- Awarded for: New Star of the Year in a Motion Picture – Actress
- Country: United States
- Presented by: Hollywood Foreign Press Association (HFPA)
- First award: March 10, 1948; 78 years ago (for films released in 1947)
- Final award: January 29, 1983; 43 years ago (for films released in 1982)
- Website: www.goldenglobes.com

= Golden Globe Award for New Star of the Year – Actress =

The Golden Globe for New Star of the Year – Actress was an award presented by the Hollywood Foreign Press Association (HFPA) at the annual Golden Globes award ceremony. New Star of the Year – Actress was first presented at the 5th Golden Globes held in 1948, alongside the New Star of the Year – Actor category, and awarded to Lois Maxwell for her performance in That Hagen Girl (1947); the award was absent from the following year's ceremony. From the 7th Golden Globes onwards, New Star of the Year – Actress was presented in every ceremony, excluding the 34th Golden Globes, until the 40th Golden Globes held in 1983, with the final winner being Sandahl Bergman for Conan the Barbarian (1982).
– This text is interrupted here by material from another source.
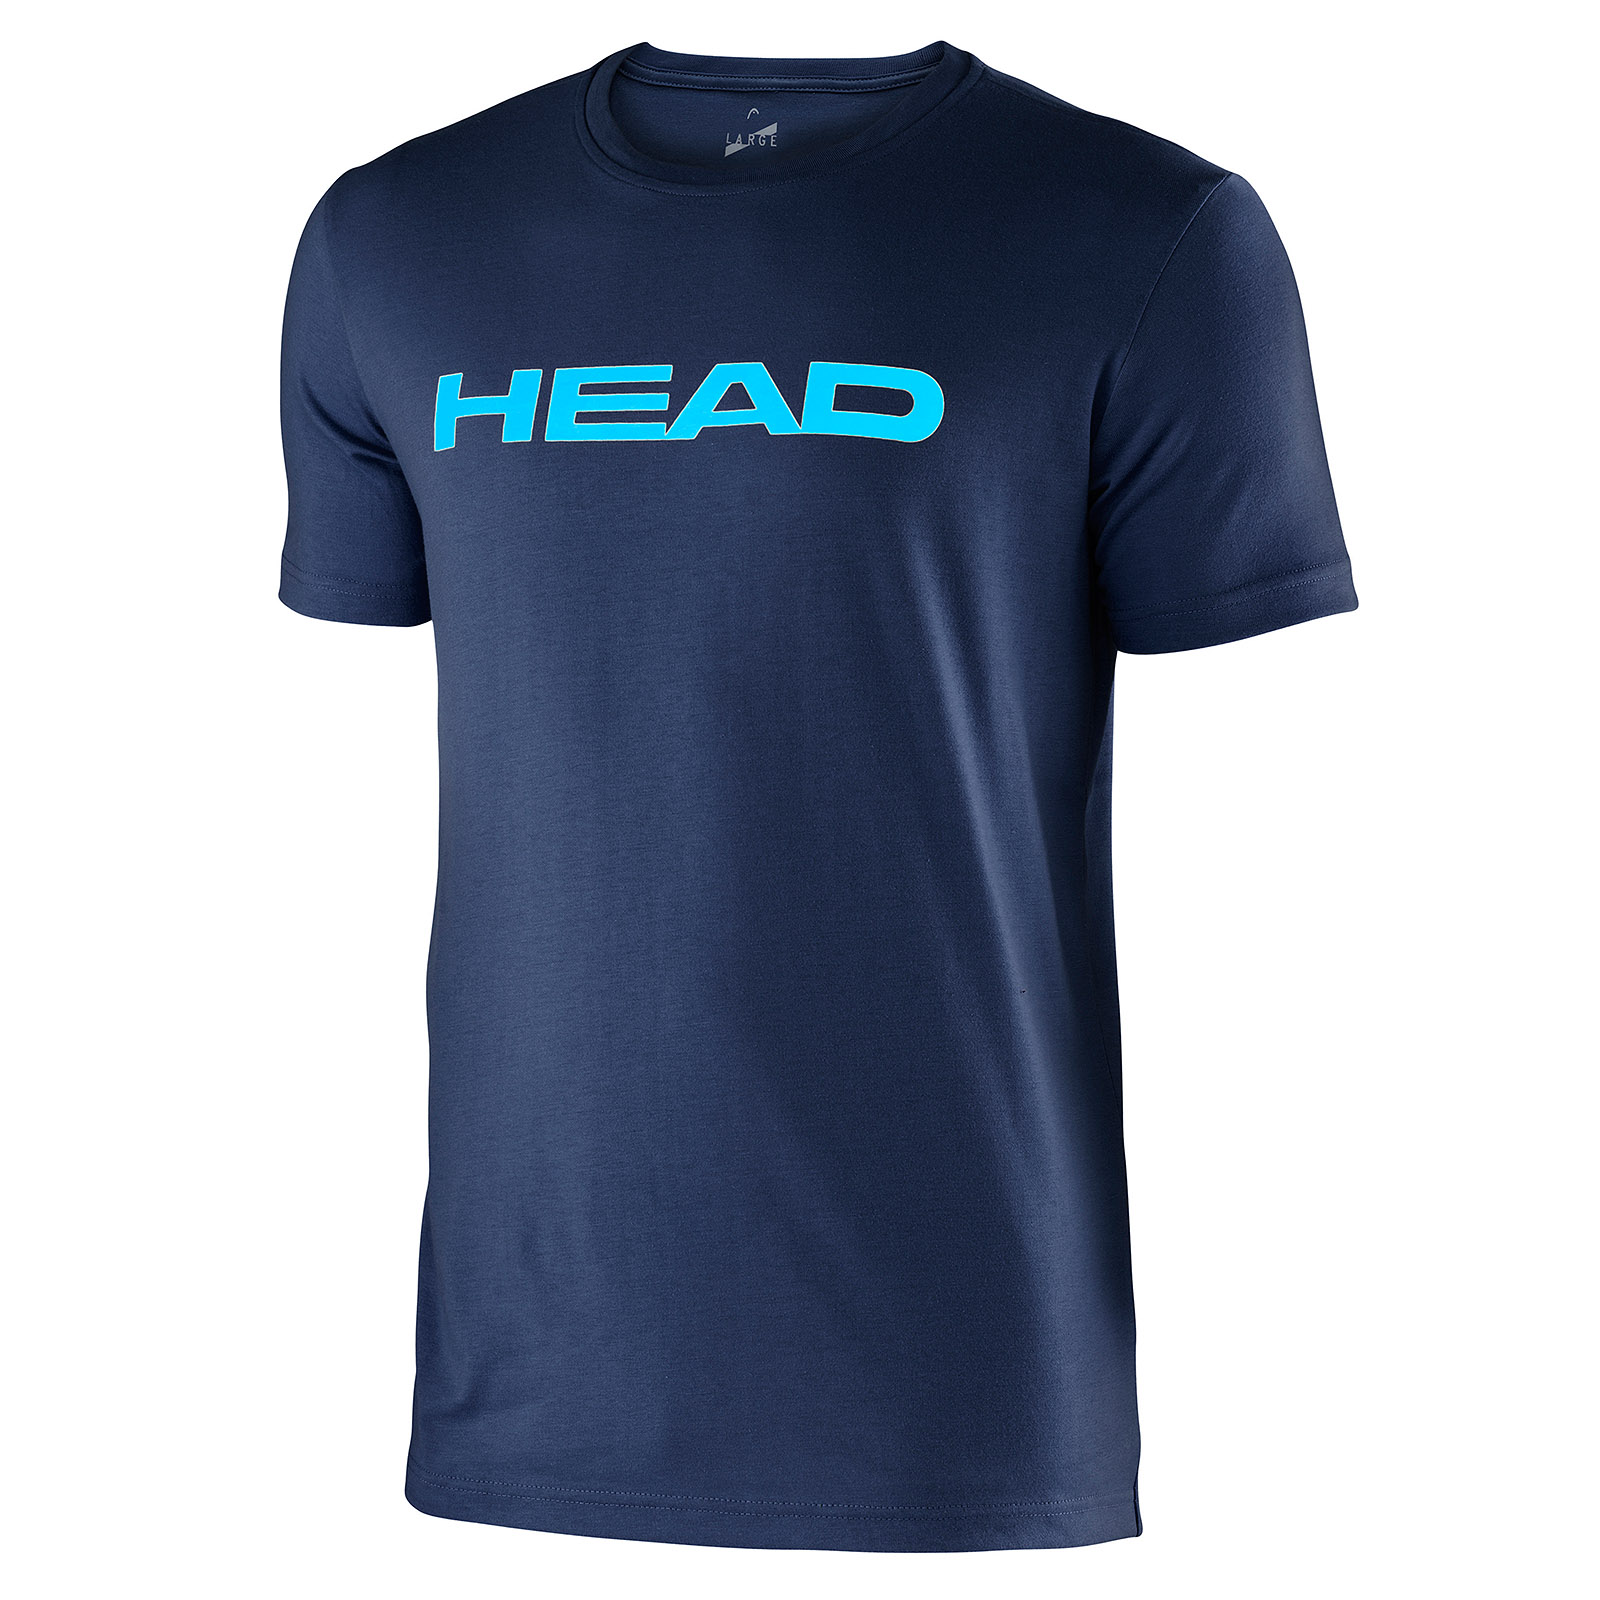 Head T-shirt - Ivan JR Blue 116

The New Star of the Year – Actress award was presented 32 times, to 57 actresses. In 1951 and 1982, the award was merged with its male counterpart to create a unisex New Star of the Year category; the former was won by Gene Nelson for Tea for Two (1950) and the latter by Pia Zadora for Butterfly (1982). From the 11th to 22nd Golden Globes the award was traditionally given to three actresses; starting with the 23rd ceremony, only one actress was declared the winner.

Zadora's 1982 win for Butterfly was viewed as "controversial", with the Golden Globes facing scrutiny over their decision. Her husband and the producer of Butterfly, Israeli businessman Meshulam Riklis, had invited members of the HFPA over to the Riviera — a hotel and casino he owned in Las Vegas — where he hosted them, treating them to wine and dinner; at the hotel, Riklis employed Zadora as an entertainer and singer. While at the Riviera, the HFPA members were also shown a private screening of Butterfly and saw Zadora perform her nightclub act. (Note: According to an article from the Los Angeles Times, written by Aljean Harmetz in 2000, the HFPA members were flown over to Las Vegas by New Frontier Hotel and Casino, to watch the animal-based magic show Siegfried & Roy; Riklis only provided a single night's free lodging to them while there.) Six weeks later, Riklis invited another group to his and Zadora's home in Beverly Hills for one more private screening of the film. It was presumed that Riklis had bought the award for Zadora; after the following year's ceremony, the New Star of the Year awards were discontinued by the Golden Globes.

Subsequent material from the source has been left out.